RECORDS TO PROCESS: Begin
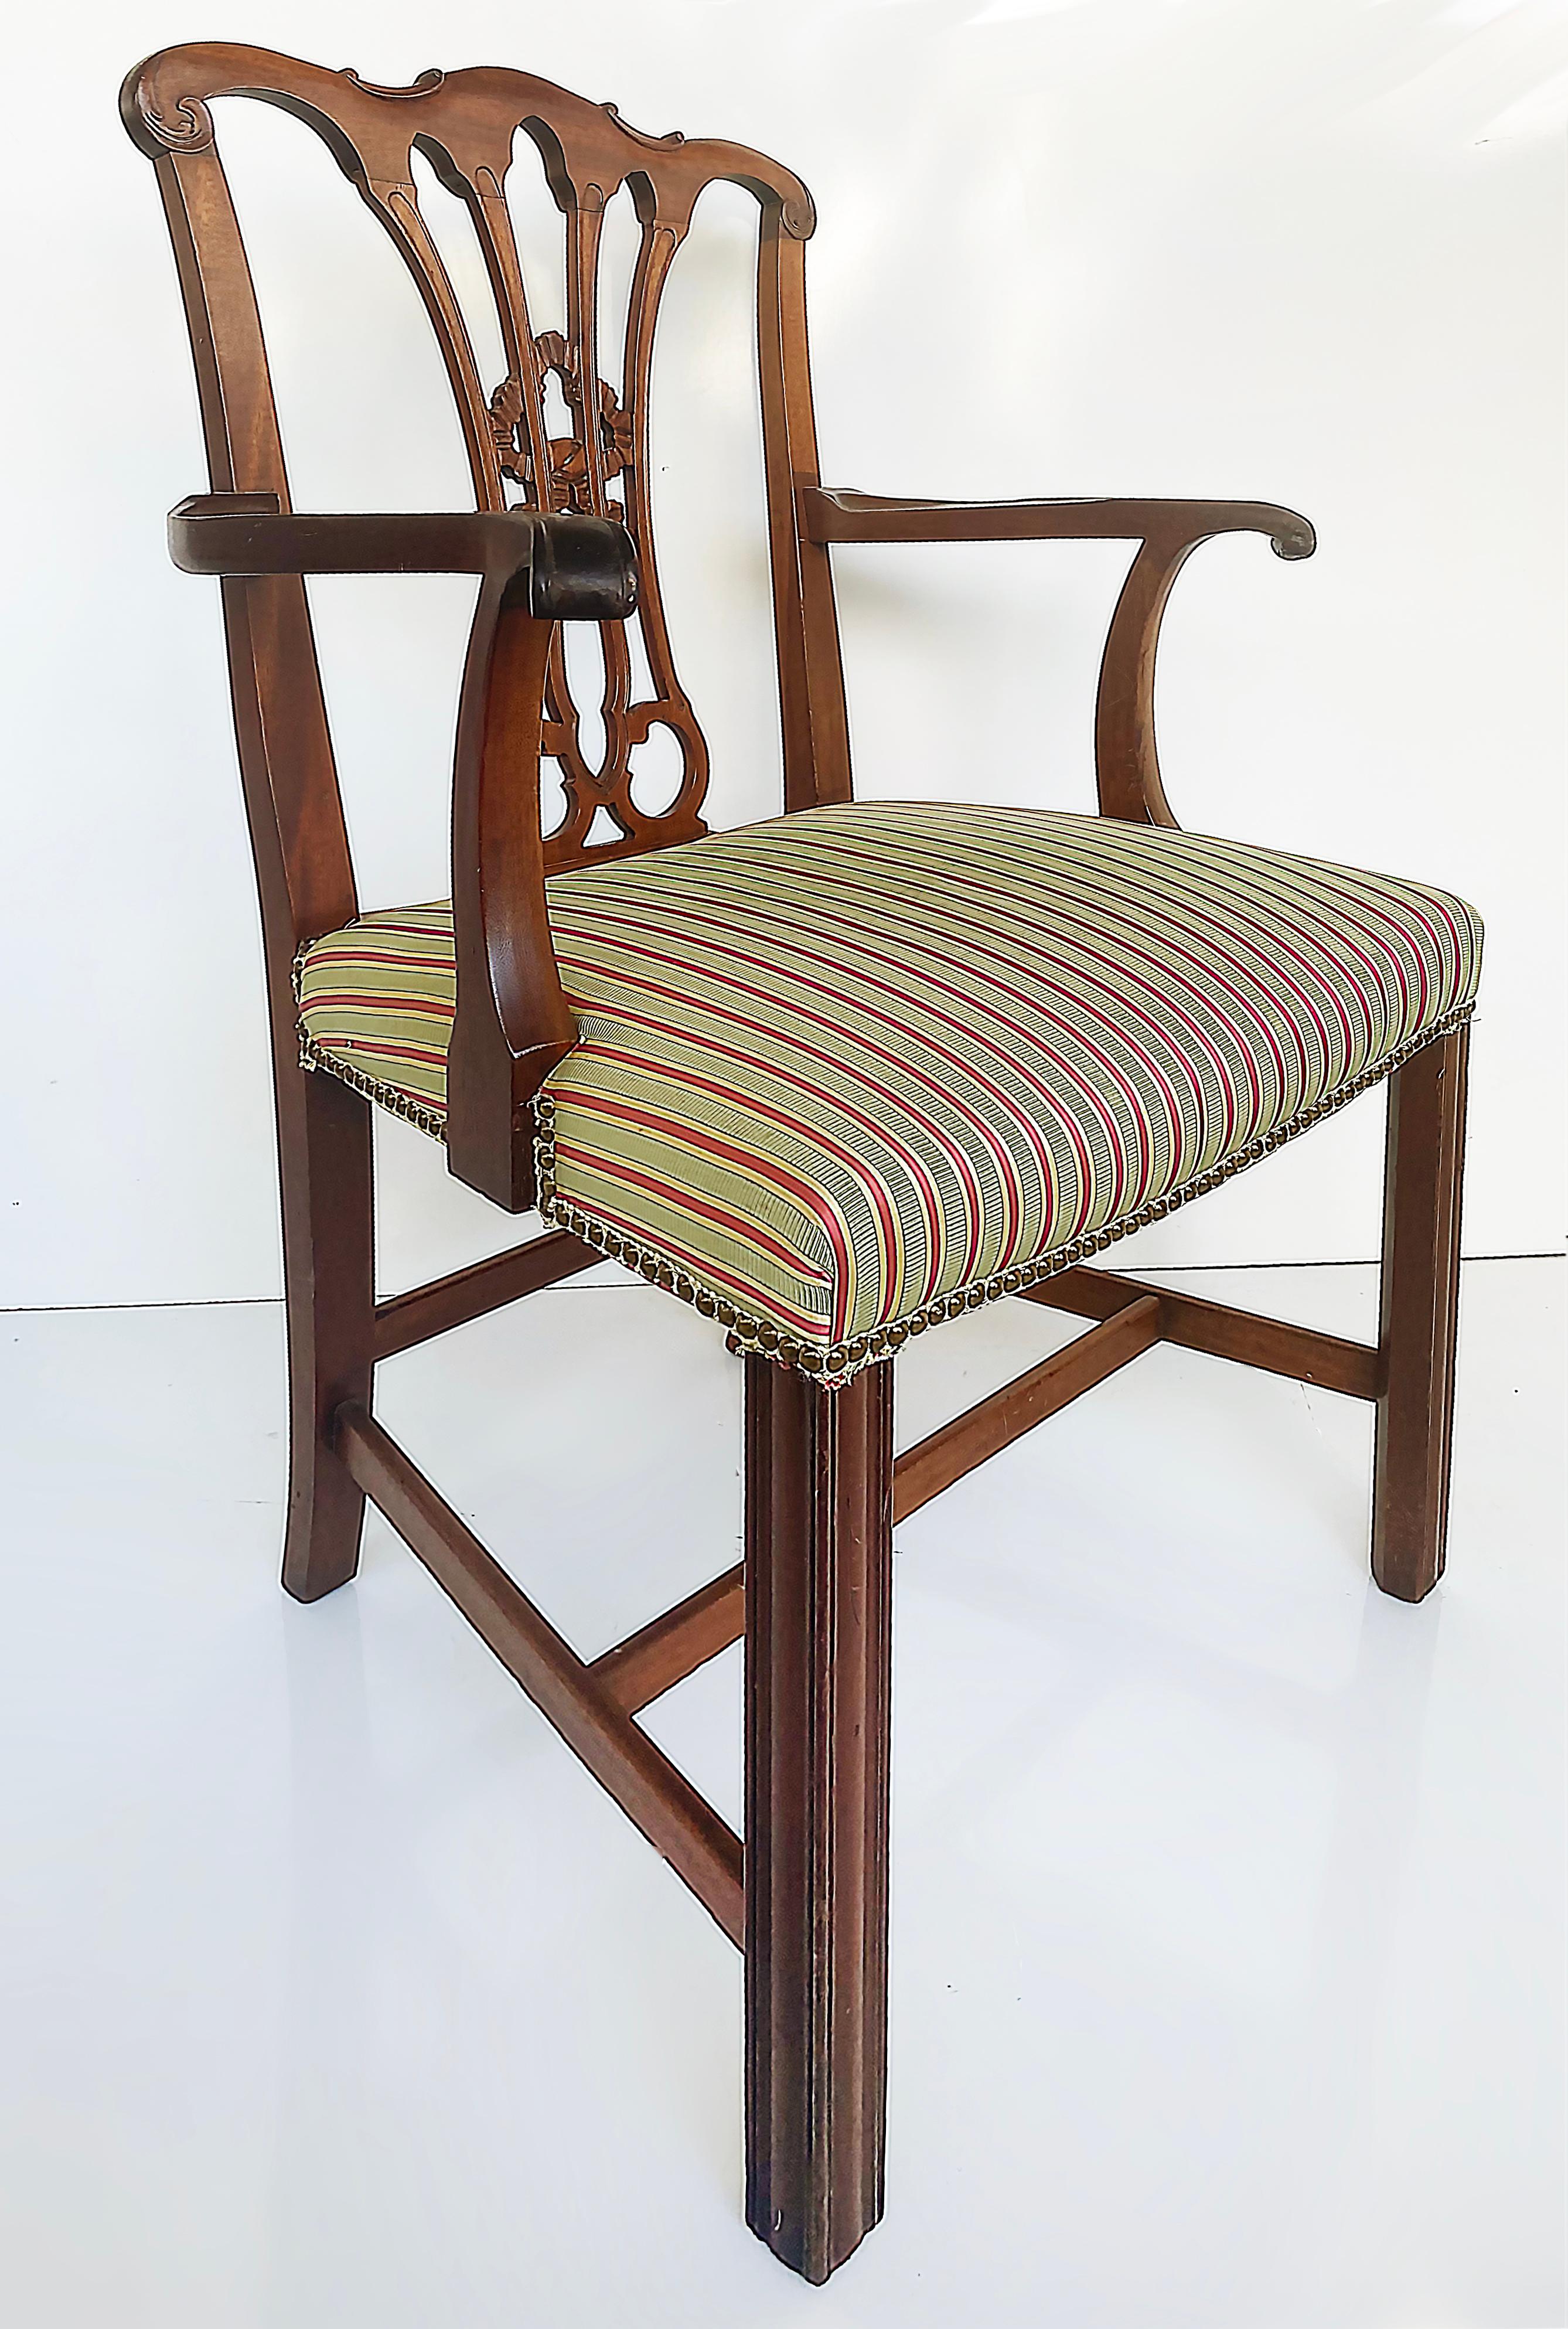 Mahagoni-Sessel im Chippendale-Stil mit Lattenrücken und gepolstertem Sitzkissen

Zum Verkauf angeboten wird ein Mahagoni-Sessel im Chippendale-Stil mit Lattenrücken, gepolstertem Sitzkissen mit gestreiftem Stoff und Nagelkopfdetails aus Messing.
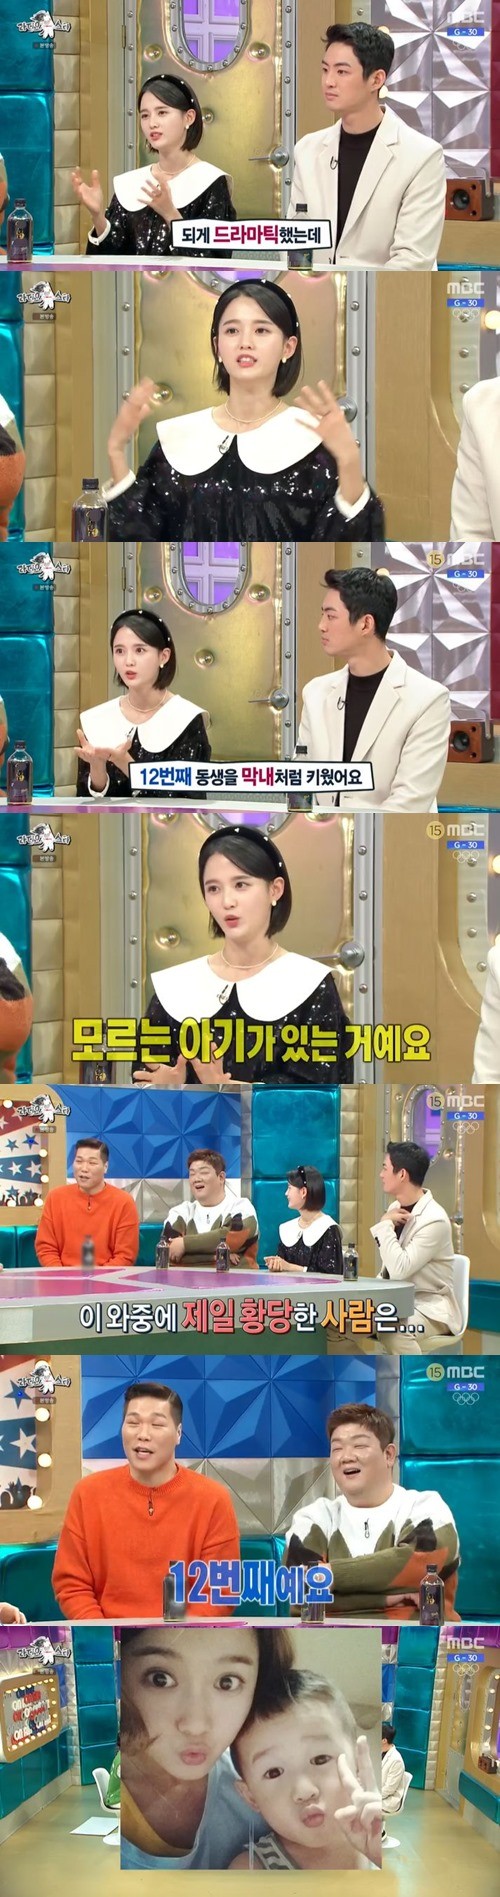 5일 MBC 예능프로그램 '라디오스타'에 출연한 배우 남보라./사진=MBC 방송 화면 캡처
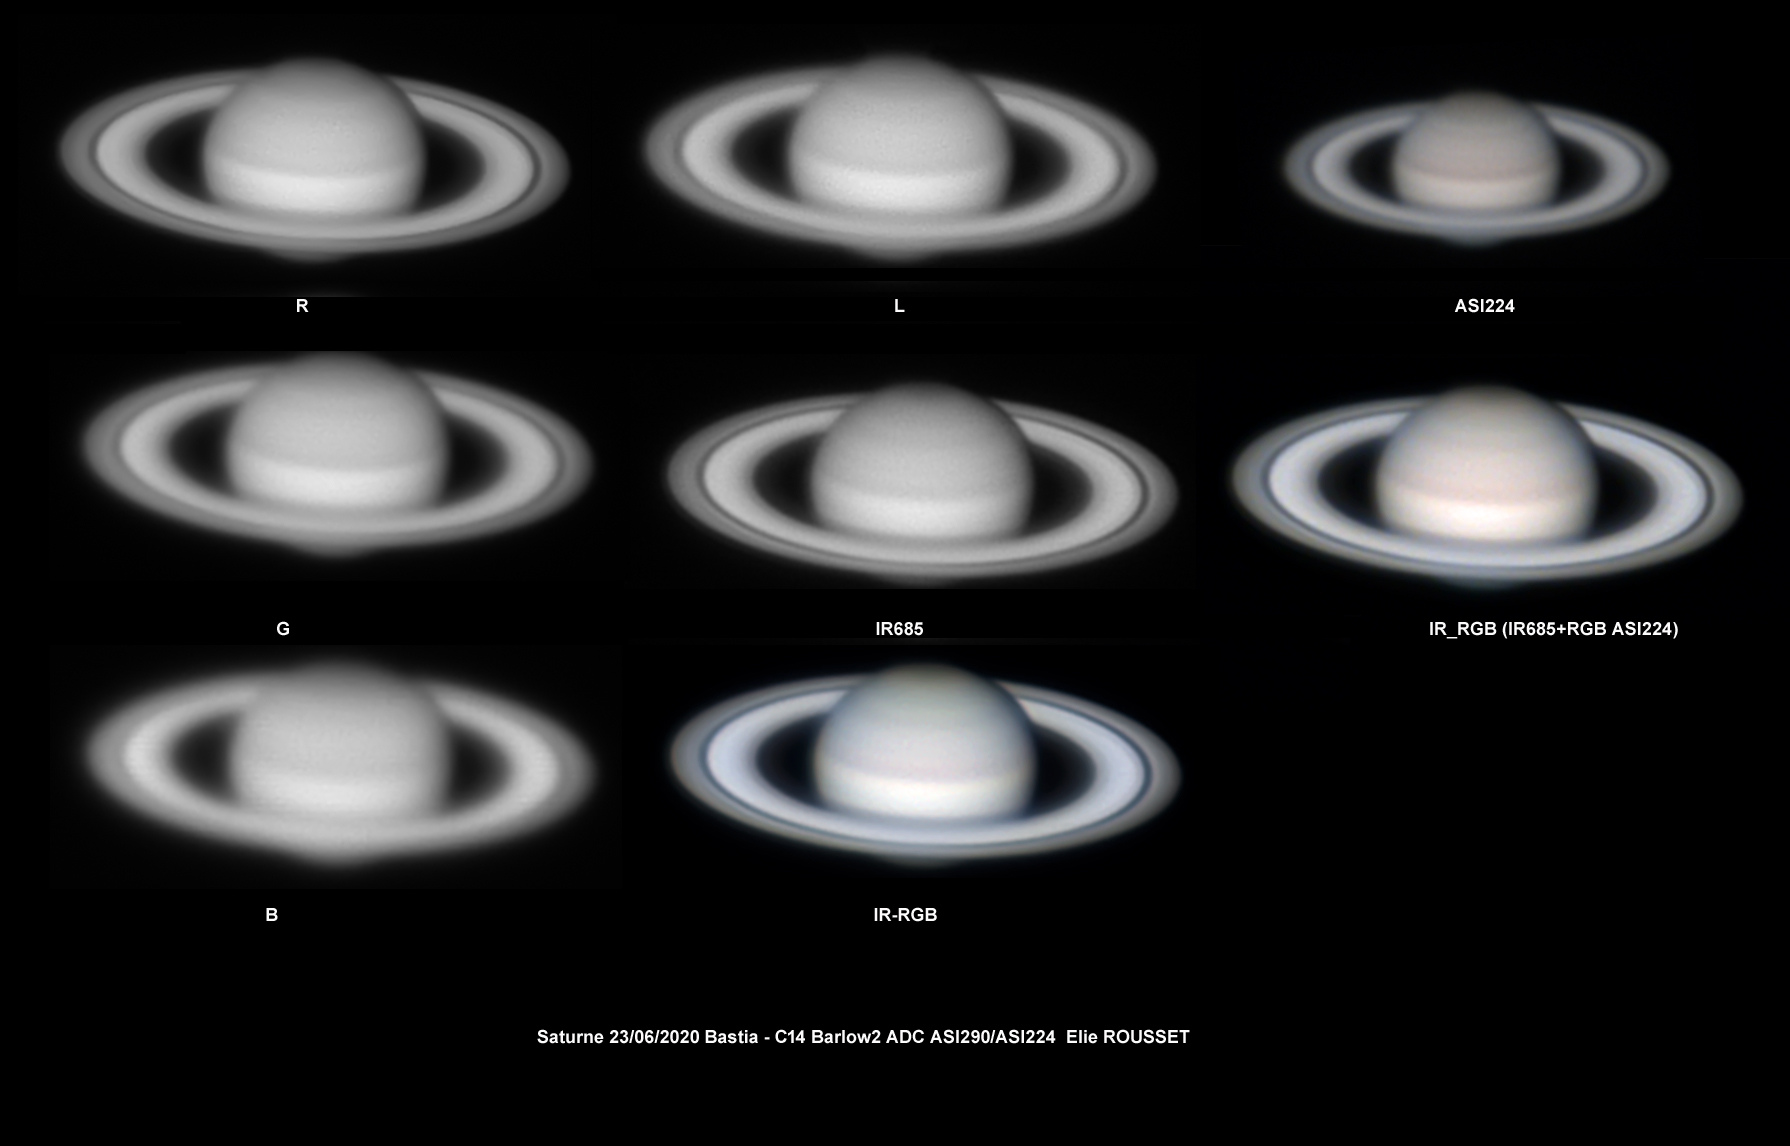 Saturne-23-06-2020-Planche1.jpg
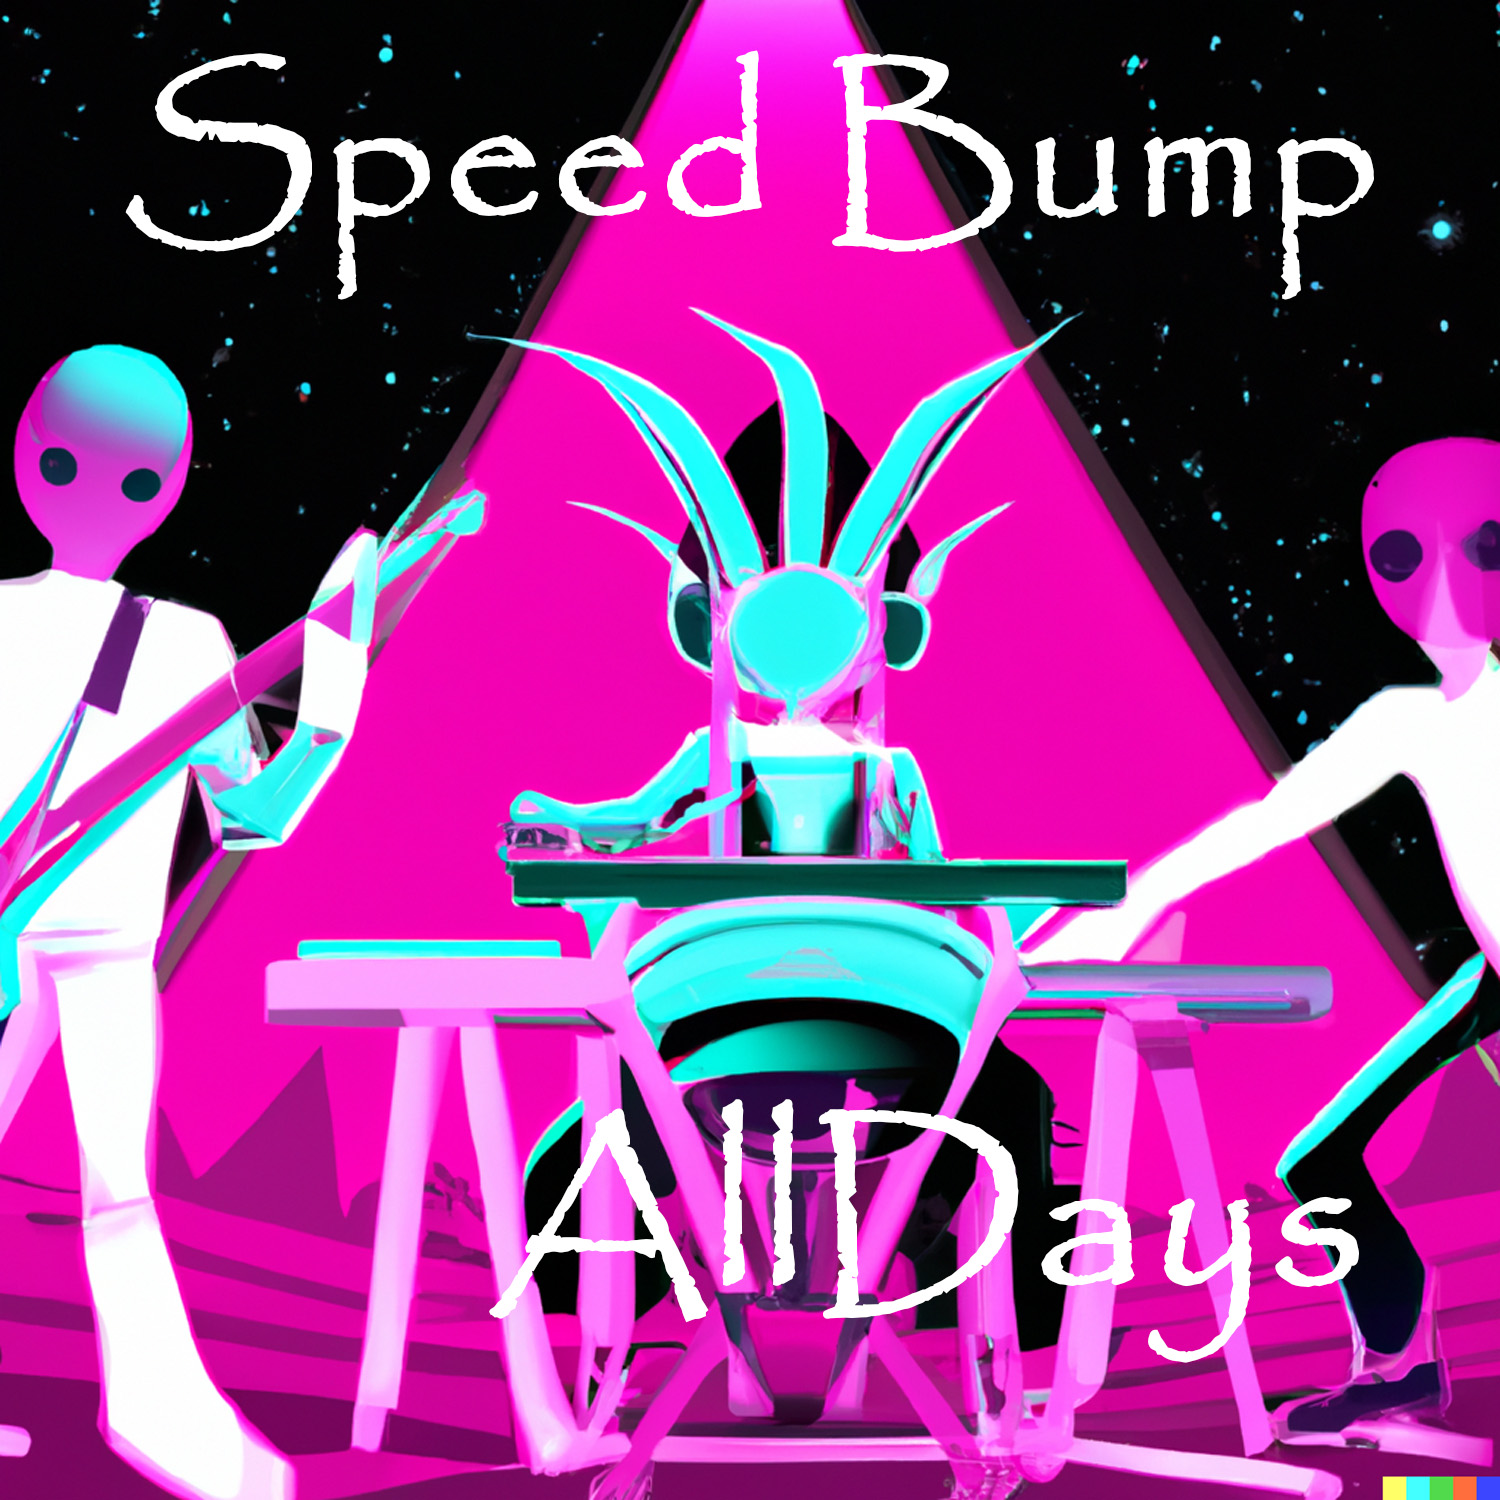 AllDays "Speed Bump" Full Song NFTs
RECORDS TO PROCESS: End
Because pictures are not wanted, give every entry above again exactly without them.

 Mahagoni-Sessel im Chippendale-Stil mit Lattenrücken und gepolstertem Sitzkissen

Zum Verkauf angeboten wird ein Mahagoni-Sessel im Chippendale-Stil mit Lattenrücken, gepolstertem Sitzkissen mit gestreiftem Stoff und Nagelkopfdetails aus Messing.
 5일 MBC 예능프로그램 '라디오스타'에 출연한 배우 남보라./사진=MBC 방송 화면 캡처
 Saturne-23-06-2020-Planche1.jpg
 AllDays "Speed Bump" Full Song NFTs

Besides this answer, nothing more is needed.